Faute pour C. Vela de justifier du réel montant de ces sommes, la Cour estime que la rémunération de ce mandataire et le remboursement de ses frais sont égaux au montant des bénéfices qu'elle a perçus à l'occasion des ventes. Elle en doit donc restitution au mandant au titre de la remise des choses en l'état, tandis que le mandant a l'obligation de les lui reverser à titre de rémunération. De sorte que C. Vela ne peut prétendre à aucune autre somme.
Sur le paiement des factures présentées par la SA Hygiène Diffusion.
La SA Hygiène Diffusion sollicite le paiement par C. Vela de la somme de 54.949,94 F, montant de factures impayées, outre les intérêts au taux légal à compter du 25.11.93. C. Vela ne contestant pas cette somme ni dans sa nature ni dans son montant, la Cour confirmera la décision déférée en ce qu'elle l'a condamnée à payer ladite somme.
Faute pour chacune des parties de justifier d'un réel préjudice, la Cour rejettera leurs demandes en dommages et intérêts.
Chaque partie, qui succombe en ses prétentions, supportera les dépens dont elle a fait l'avance, sans qu'il soit possible de faire application de l'article 700 du nouveau Code de procédure civile.

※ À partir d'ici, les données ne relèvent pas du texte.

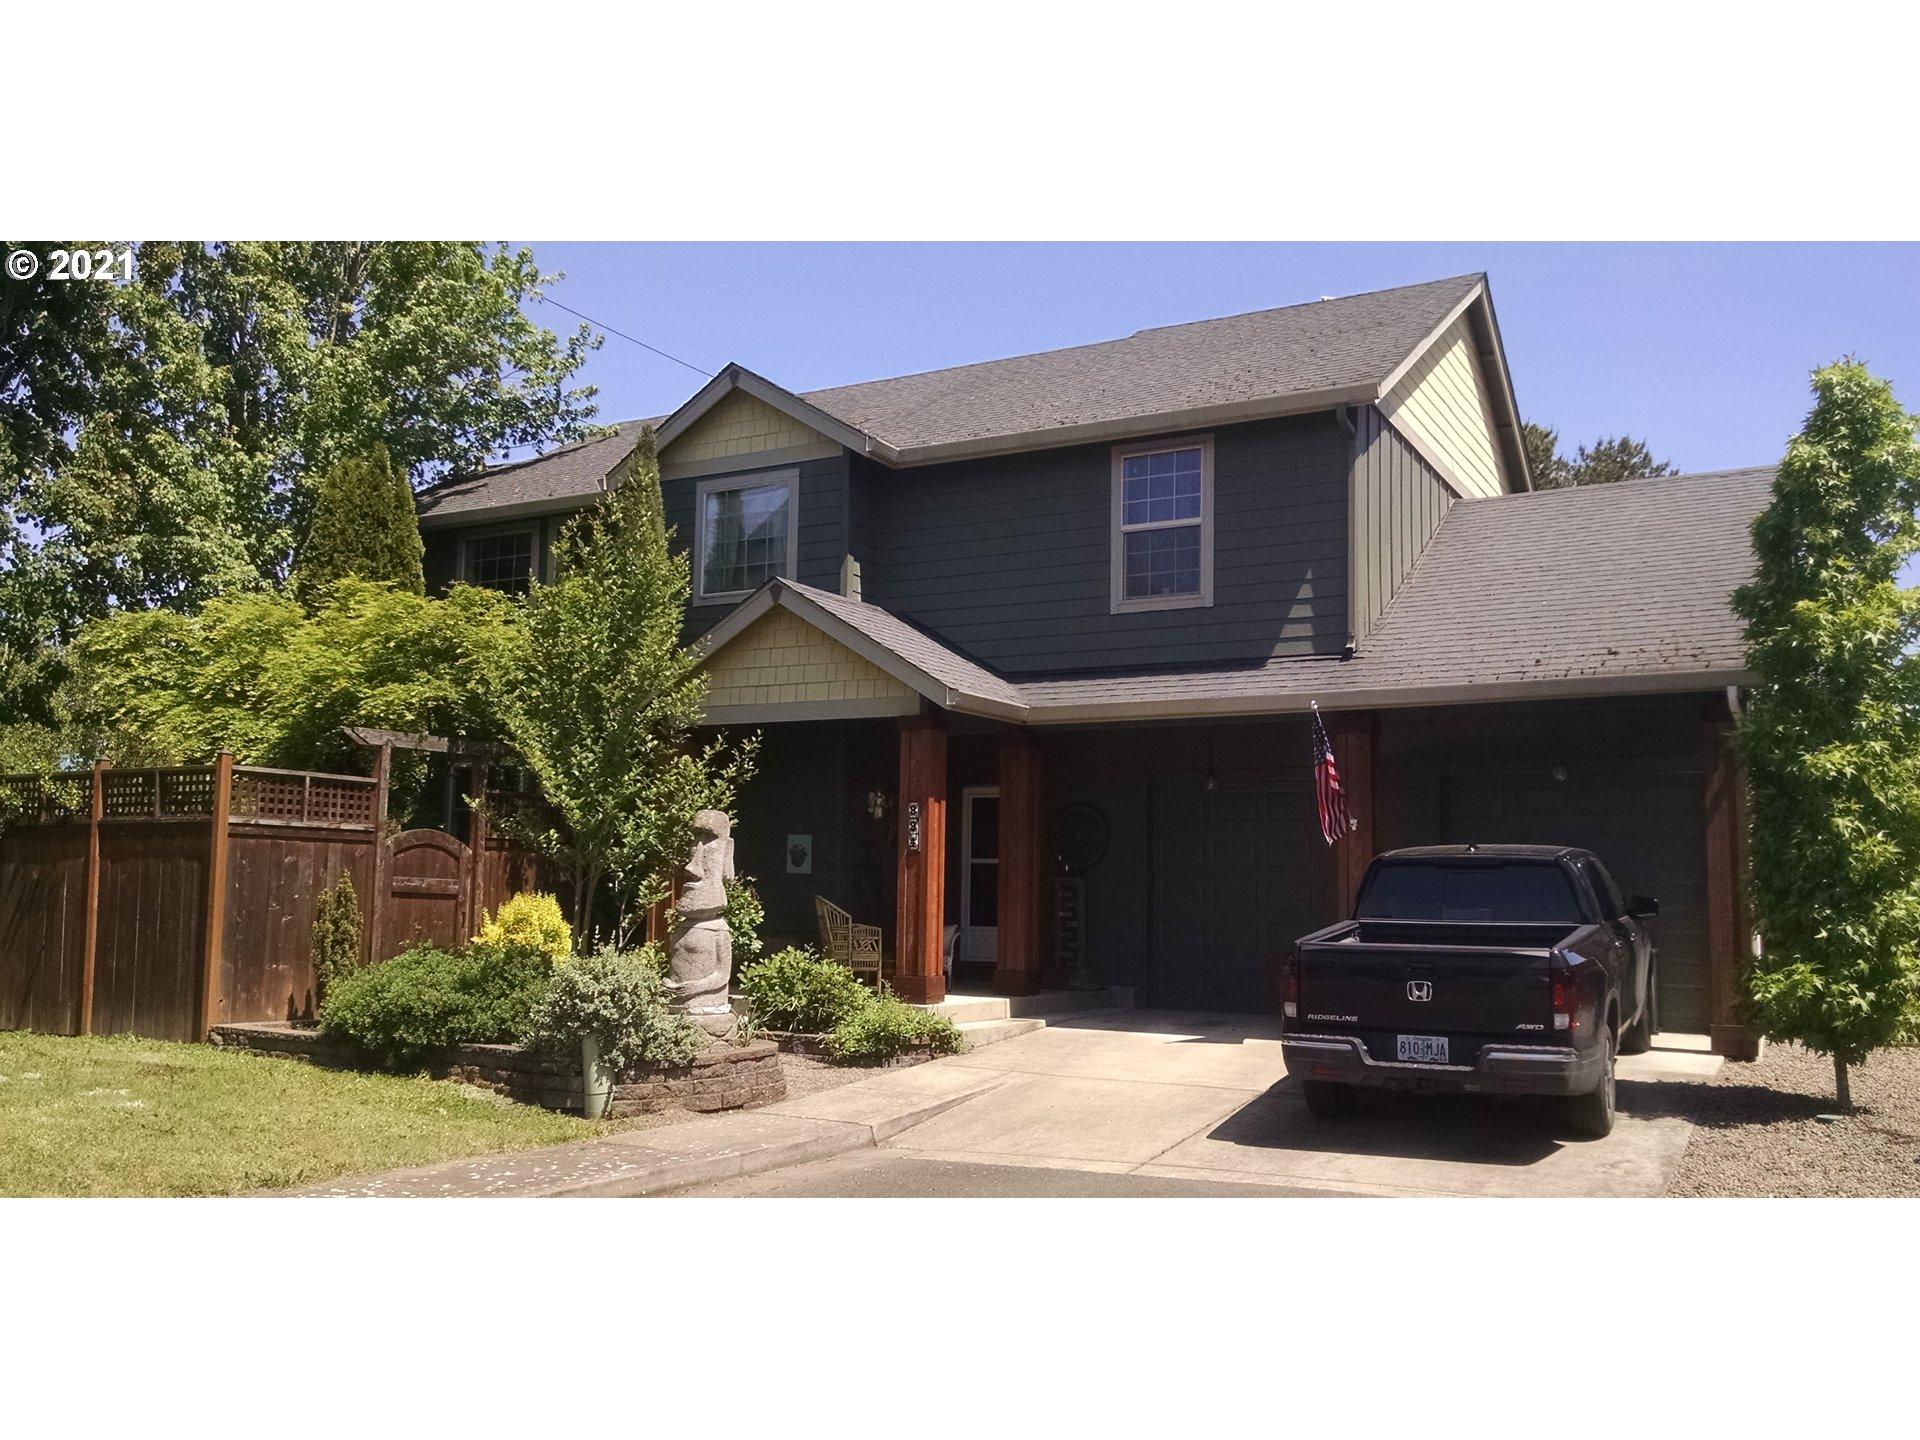 894 JACKIES LN, Eugene OR 97404

Par ces motifs : La Cour statuant publiquement, contradictoirement, en dernier ressort et après en avoir délibéré. Reçoit l'appel en la forme. Infirme le jugement rendu le 4 juin 1997 par le Tribunal de Commerce de Montpellier. Statuant à nouveau : Déclare nul le contrat de concession exclusive conclu entre C. Vela et la SA Hygiène Diffusion. Constate en conséquence que les relations entre C. Vela et la SA Hygiène Diffusion sont régies par les dispositions concernant le mandat rémunéré. Dit que les rémunérations, frais et débours auxquels C. Vela a droit sont égaux à la marge bénéficiaire qu'elle a perçue, et la remplissent de ses droits. Condamne C. Vela à payer à la SA Hygiène Diffusion la somme de 54.949,94 F au titre des livraisons impayées, outre intérêts au taux légal à compter du 25.11.93. Déboute les parties de leurs autres demandes. Dit n'y avoir lieu à application de l'article 700 du nouveau Code de procédure civile. Dit que les dépens seront supportés par chaque partie qui en a fait l'avance.